ユニークスキルは、冒険者になってから二十四時間以内に習得しなければならない。それ以降だと、習得することができない決まりとなっている。その為、冒険者になると、何よりも先に行うのがユニークスキルの習得だ。
早速、アレン達は教会へやってきた。
「教会に来るの初めてだけど、なんだかすげーな」
高めの天井を眺め、アレンは素直な感想をこぼした
教会は、白と赤の二色で構成されていた。壁や柱は穢れなき純白で、奥にある祭壇へ向かう道やその左右にある椅子は真っ赤だ。椅子よりも一段と明るい赤の絨毯には、一つの染みもついていない。あちらこちらから顔を覗かせるステンドグラスは、非現実的な空間を演出していた。
教会内にはアレン達と神父しかいない。
「他の受験者はどこにいったんだ?」
「別の教会だろうね」
「他にもあるのか」
「ザッカリーは大きいから、いくつかあるのよ」
アレンの質問に答えると、メルは祭壇に居る神父のもとへ歩き始めた。その後ろにアレン達も続く。近づいてくる四人に、神父は視線を向けた。
「ユニークスキルの習得でしょうか?」
笑顔で尋ねてくる神父に、メルが「はい」と短く答える。
「では、習得される方以外、椅子へおかけになってお待ちください」
「わかりました」
神父の言葉に従い、ユミィ以外の三人が祭壇を離れて椅子へ移動する。
最初にユニークスキルを習得するのはユミィだ。その後、ミオ、メル、アレンの順で習得する。これは、教会へ来る前に決めていたことだ。
「冒険者カードをお見せください」
「はーい!」
ユミィは懐から、手のひらサイズのカードを取り出した。
冒険者になると貰える『冒険者カード』だ。これは、冒険者であることを証明する身分証である。また、身分証以外にも様々な機能がある。例えば、銀行に預けたお金の入出金も、冒険者カードで行うことが可能だ。しかも、冒険者カードを使えば、世界九ヶ国のあらゆる銀行で、手数料不要の取引が可能である。

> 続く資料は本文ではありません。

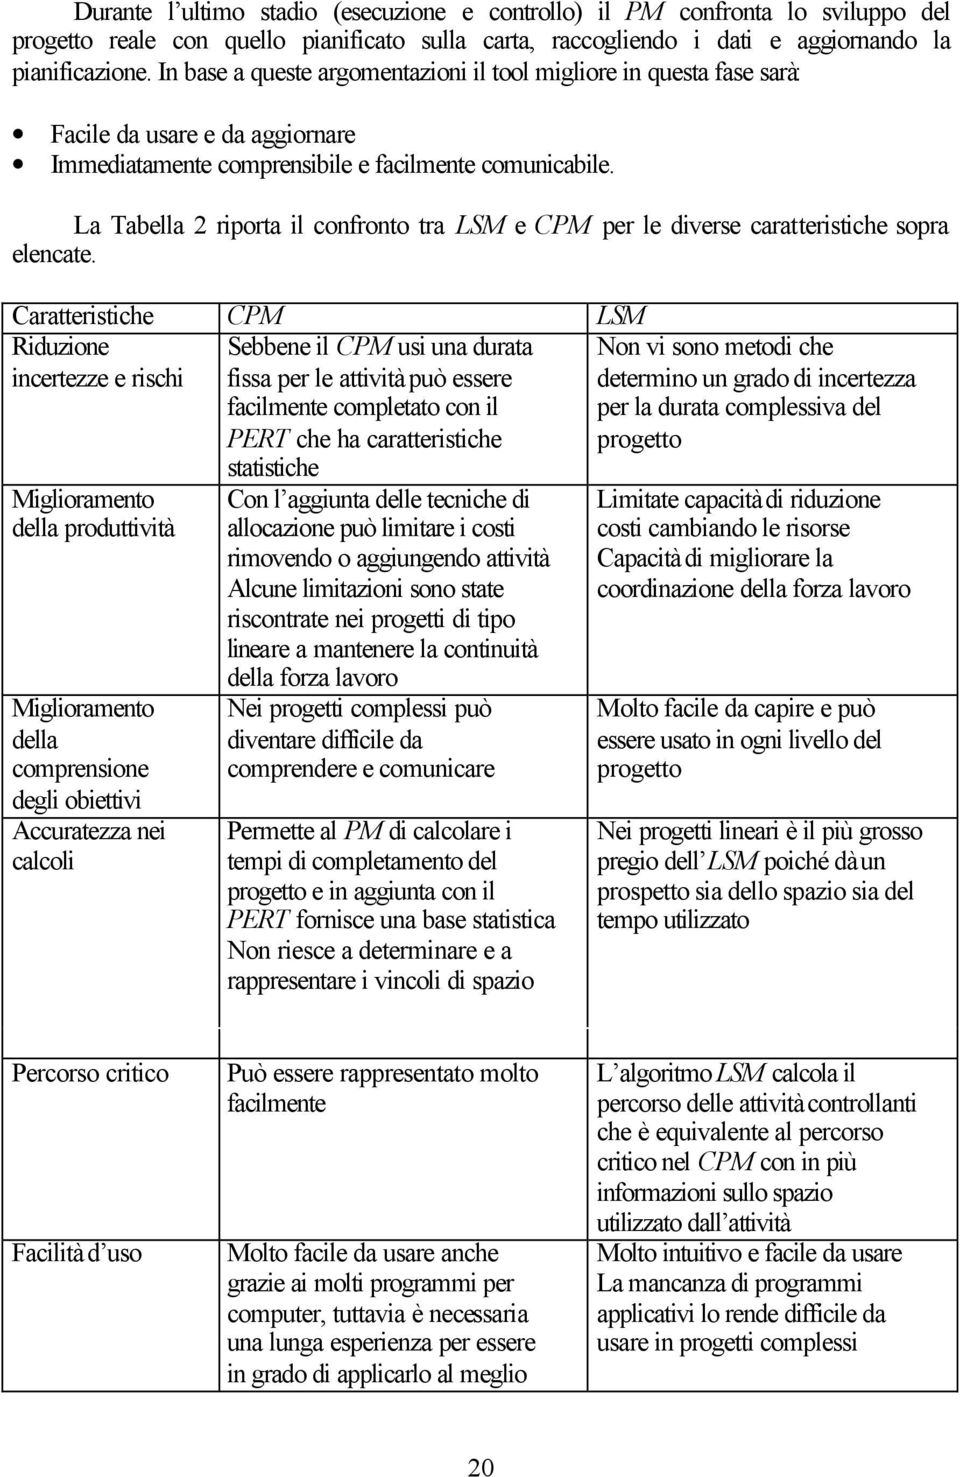 La Tabella 2 riporta il confronto tra LSM e CPM per le diverse caratteristiche sopra elencate.

便利な反面、再発行不可なので、紛失しないように気を付けなければならない。
「確認しました。では、明鏡の間へどうぞ」
祭壇の隣にある扉を、神父が手で案内する。
ユミィは神父に一礼した後、案内された部屋へと入っていった。
「試験場で説明を受けたけど、念のため、もう一度詳しくユニークスキルについて説明しておくわね」
メルの言葉にアレンが頷く。隣では、ミオが嬉しそうに鼻歌を歌っている。
メルは「まずは基礎説明からね」と前置きし、話し始めた。
「ユミィの入っていった部屋が『明鏡の間』と呼ばれるところで、中には『願いの池』と呼ばれる小さな池があるの。その池を覗き込みながら、覚えたいスキルの【効果】や【制約】を念じると、池の水面にスキルの情報が表示されるの。具体的には、【スキル名】【消費SP】【効果】【制約】の四項目ね。表示されたスキルの情報に満足できたら、池の水を手ですくって飲み込む。それで、スキルがされるわ」
メルはアレンの目を見て、「ここまでで、何か質問ある?」と尋ねた。
アレンは首を横に振り、「大丈夫、続けて」と先を促す。
「ユニークスキルは、習得できる数や効果に制限がない代わりに、別の制限があるの。それが【スキルポイント】ね。スキルポイントは略して【SP】と呼ばれるわ。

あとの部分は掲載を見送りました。